- The data-hungry user base of Japan’s newest mobile operator continues to grow
- One of Rakuten Mobile’s current areas of focus is greater energy efficiency
- It is putting its RAN intelligent controller (RIC) to work next year as part of a broader campaign to reduce power consumption by up to 20%
As Japan’s newest telco, Rakuten Mobile, continues to grow its customer base and network data traffic, it is introducing multiple green network initiatives, including the commercial deployment of its RAN intelligent controller (RIC) platform, that it hopes will lead to energy savings of between 15% and 20%.
During a webcast briefing with analysts and the media on Tuesday (19 November), Sharad Sriwastawa, co-CEO of Rakuten Mobile and president of its vendor unit Rakuten Symphony, provided an update on the operator’s progress (of which more later). He outlined a number of initiatives, including one aimed at improving the energy efficiency of its network operations, something that all mobile operators are seeking to achieve in order to keep operating costs under control as more and more data is transported over their networks: Rakuten Mobile users, for example, are currently consuming 30 GBytes of data per month.

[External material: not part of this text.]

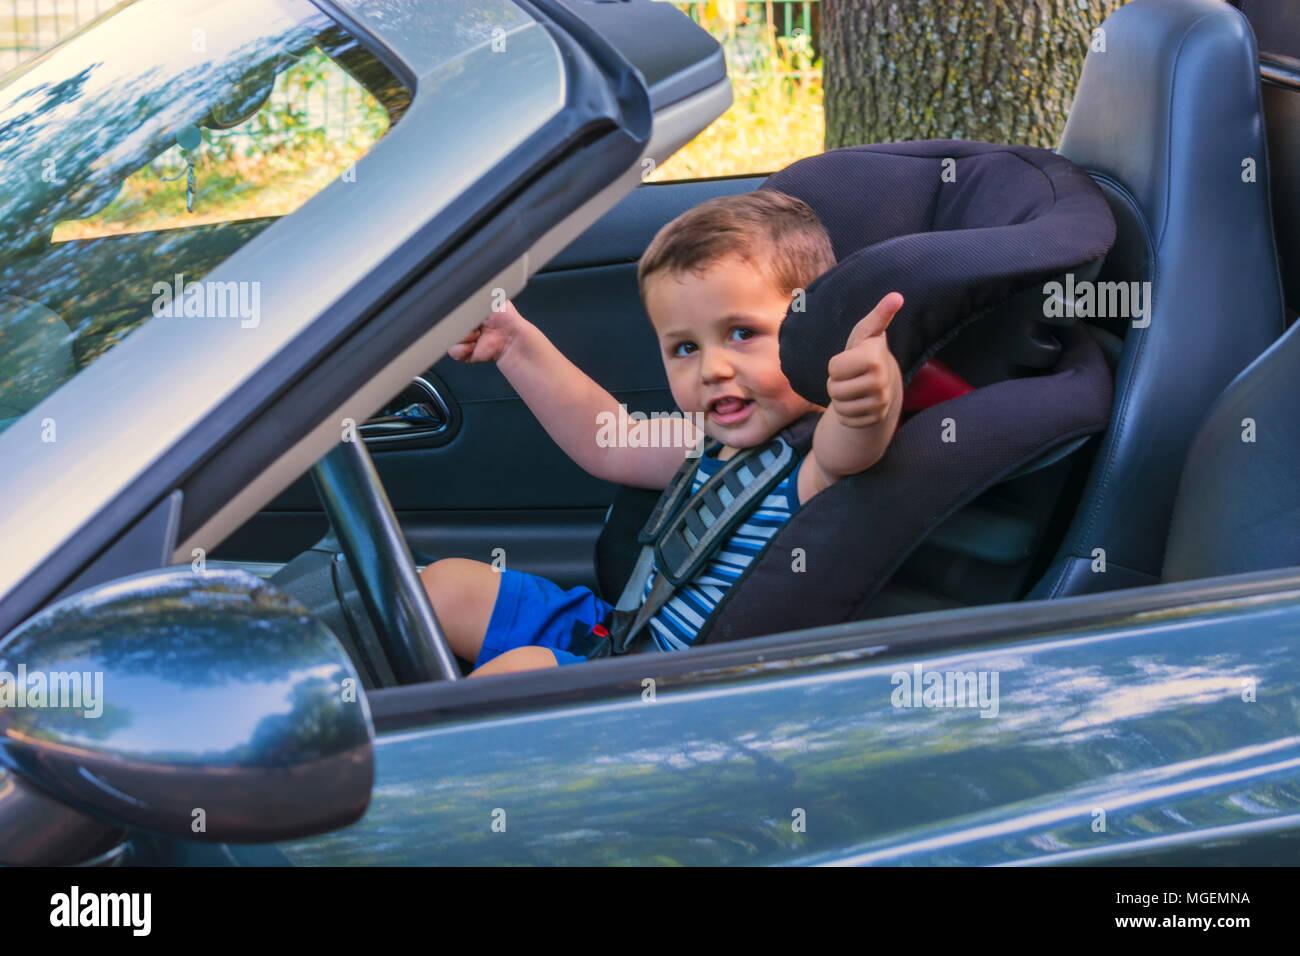 Glückliches lachendes Kind in einem Cabrio sitzt im Auto Kindersitz und zeigt den Daumen nach oben. Stockbild
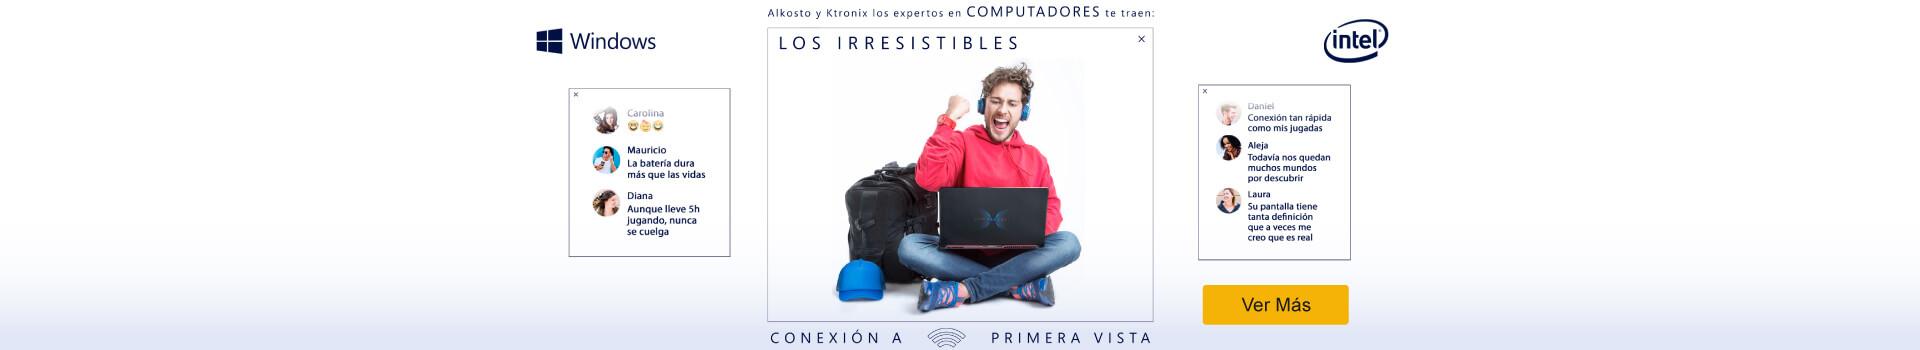 AK-KT-BCAT-6-computadores y tablets-DCAT-EXP-Microsoft / Intel-Computadores Irresistibles-Sep18

Sriwastawa noted that the “focus for this quarter and the coming year” is to achieve “anything between 15% to 20% saving on overall power consumption” by mobile base stations and its portfolio of datacentre facilities: Rakuten Mobile currently has four central datacentres, 43 regional datacentres, and 1,906 edge datacentres (with more than 38,000 servers in operation) and over 64,000 macro cell sites.
“On RAN [radio access network] solutions, we are utilising various techniques – shutting down the MIMO [multiple input, multiple output radios] and shutting down the servers” as well as enabling power-saving states for servers that reduce power consumption at low-use times, noted Sriwastawa. There are also “hibernation” states that can be implemented for data transport network systems. All of these energy-saving techniques are set to be implemented from the first quarter of 2025 and “we want to do all of these changes via RIC and NIC [network intelligent controller]”, running various AI-enabled applications that can automate the processes.
It’s worth remembering that Rakuten Mobile’s network was designed and built from the beginning with automation in mind and even though it now has an extensive national network, it still has only about 250 network operations staff in total.
Sriwastawa noted that there are obvious gains to be made in the RAN when some sites are not being used at all at certain times – for example, at train stations that are closed overnight or in office areas out of working hours. These networks are designed to have overlapping cells so there is, at least, some coverage if needed, “but the main gains come from the datacentres where the operator can implement multiple energy-saving applications developed by Intel.
Rahul Atri, president of Rakuten Symphony’s OSS business unit, added that the operator has been collecting and analysing customer, as well as network, data so that it can understand user and network traffic patterns. It is using the learnings from that data to develop RIC and NIC applications that can be used for automated network management processes.
In addition to those internally developed apps, Rakuten Mobile will also use third-party RIC and NIC applications to address multiple requirements. “SON [self-optimised/self-organised network] applications are being developed into RIC apps,” while the company is also working with developers of energy efficiency, radio frequency (RF) optimisation and spectral-efficiency specialists. Atri referenced AirHop as an application partner, and is known to be evaluating applications from the likes of Cohere Technologies, which has developed a spectrum multiplier application, zTouch Networks and Rimedo Labs, which has developed energy-efficiency and traffic steering applications.
You can find out more about the potential of RIC platforms and their associated applications, and more about AirHop and its engagement with multiple network operators, in TelecomTV’s recent free-to-download DSP Leaders Report, Open RAN: Advances in the RAN Intelligent Controller.
Progress report
While Rakuten Mobile doubles down on its energy-efficiency efforts in the coming year, it will also be aiming to make more money, as well as save it. But to do that it’s going to need to attract a lot more customers.
Rakuten Mobile, which started building its mobile network in late 2019, currently has just over 8.1 million customers, which gives it a 3.8% market share in a sector dominated by NTT Docomo, KDDI and SoftBank. Its customer base is growing steadily but slowly.
Rakuten Mobile generated third-quarter revenues of 72.5bn yen ($475m), up by 30.3% year on year, but it has a long way to go before it’s making money: Its operating loss for the third quarter was 50.6bn yen ($332m) – though that was at least about 30% better year on year – while its earnings before interest, taxes, depreciation and amortisation (EBITDA) loss shrunk by 70% to 10bn yen ($65m). Rakuten Mobile expects to reach EBITDA breakeven in December this year.
The company’s parent, Rakuten Group, has always stated that Rakuten Mobile is an important part of the larger portfolio and that its value will come not just from its own operations but also from the traction it will bring to the group’s other services and applications (fintech, e-commerce and more), and that does appear to be working. According to Rakuten, Rakuten Mobile subscribers are spending almost 50% more via the group’s e-commerce platform, Rakuten Ichiba, than non-subscribers. For further details, see the company’s third-quarter earnings report.